Background Central line-associated bloodstream infections (CLABSI) are the leading cause of healthcare-associated bloodstream infections, prolonging hospitalizations, and increasing morbidity, healthcare costs and mortality. The CLABSI rate has been estimated at 7.6 episodes per 1,000 central line days in Latin America. In developing countries, CLABSI are usually the result of a failure to follow evidence-based, standardized health practices.

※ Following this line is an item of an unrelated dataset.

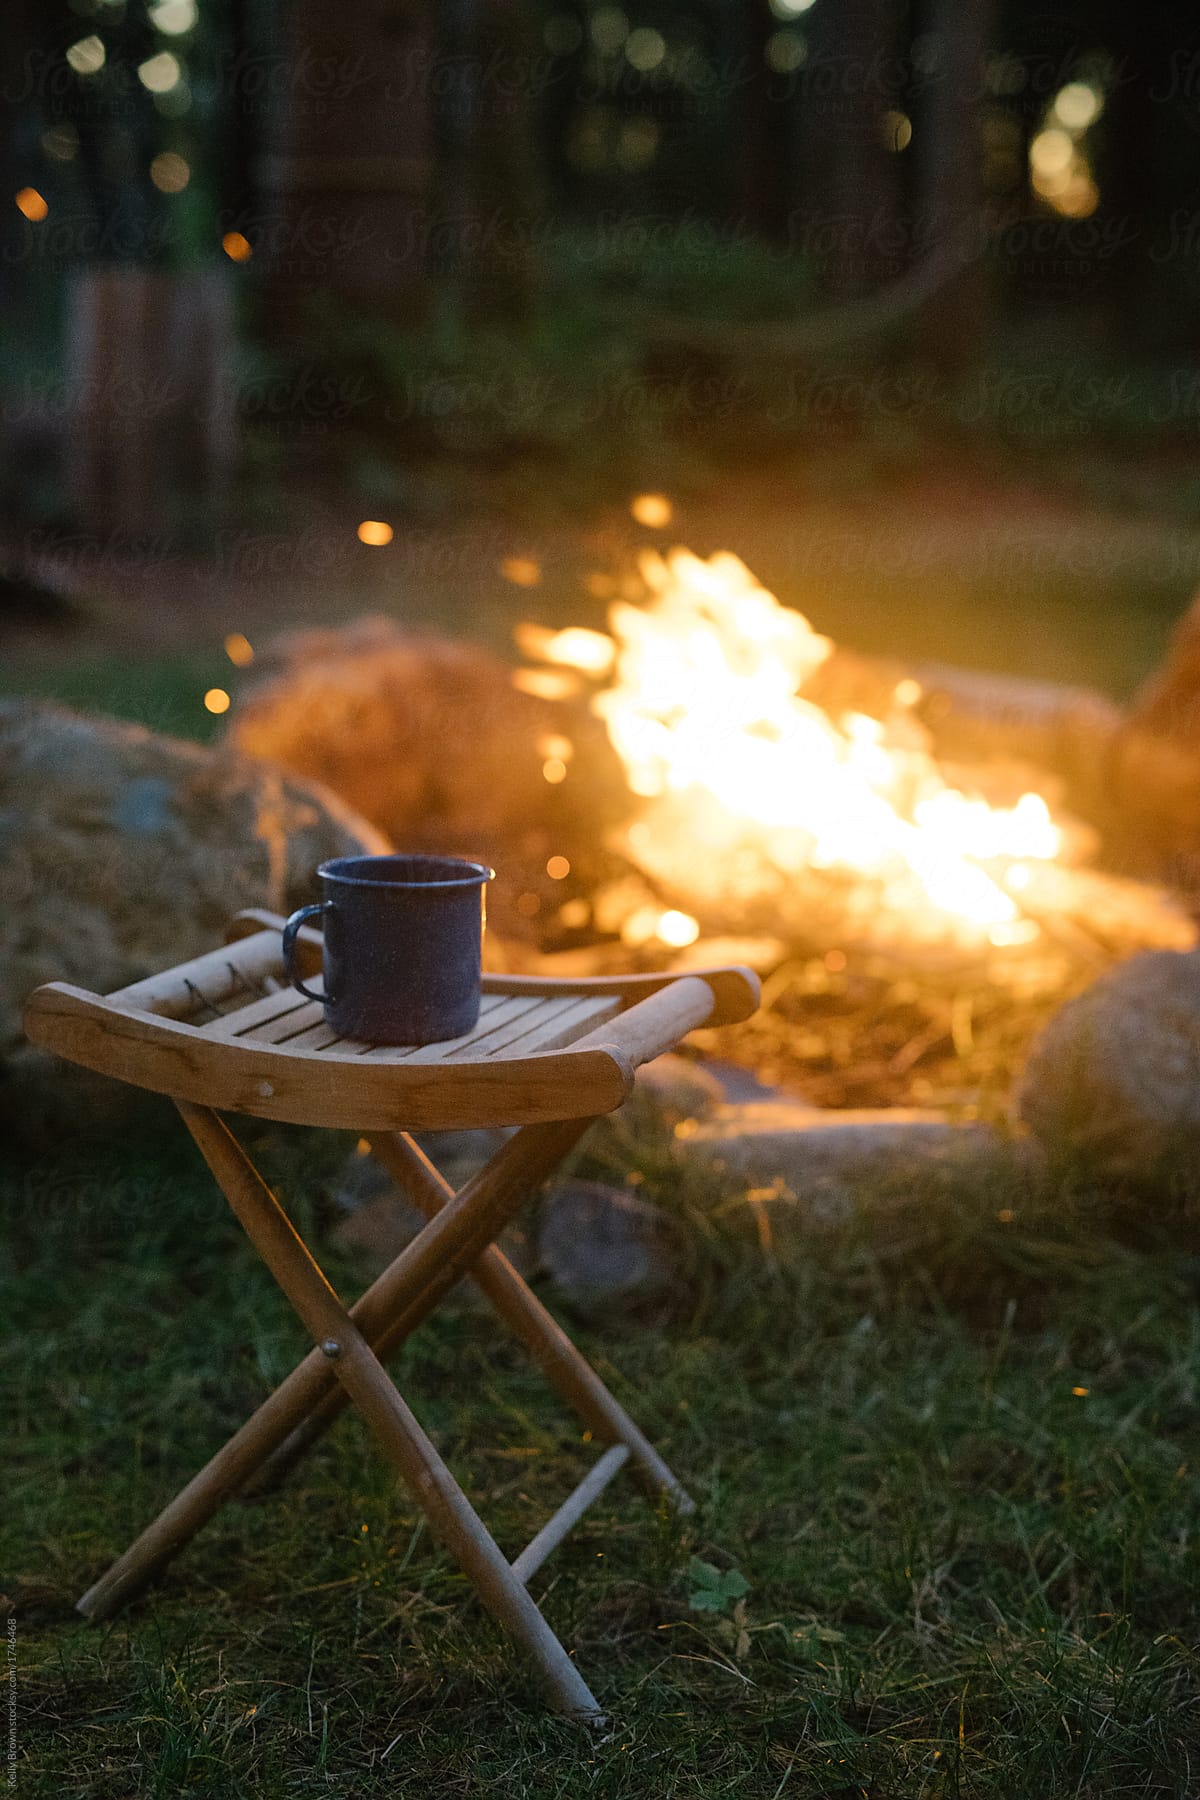 a campfire with an enamel cup on a wooden stool

Objectives The second phase of the ‘Goodbye Bacteremia' campaign aimed at reducing the CLABSI rate in Latin American Intensive Care Units (ICUs) by 50% or to less than 2 episodes per 1,000 central line days from self-reported baseline within 12 months of the implementation of the campaign.

Methods Design: Uncontrolled before-and-after CLABSI rates comparison.

Setting: 100 ICUs from six Latin American countries.

Intervention: We used a quality-improvement collaborative to promote the adoption of bundles of care for the insertion and maintenance of central lines, coupled with education through virtual bi-weekly learning sessions, and continuous feedback, from June 2014 to June 2015.

Main outcome measure: CLABSI rate.

Results The preliminary reduction on the CLABSI rate was 24.34% from a baseline mean of 2.67 to 2.02 at the end of the campaign. The median CLABSI rate was zero throughout the campaign. The mean percentage compliance increased by 49.49% from a baseline of 65.55% to 97.99% at the end of the campaign for the insertion bundle, and by 14.86% from 82.56% to 94.83% for the maintenance bundle.

Conclusions Evidence-based interventions and multi-country collaborative work contributed to a significant reduction in the incidence of CLABSI in Latin American ICUs.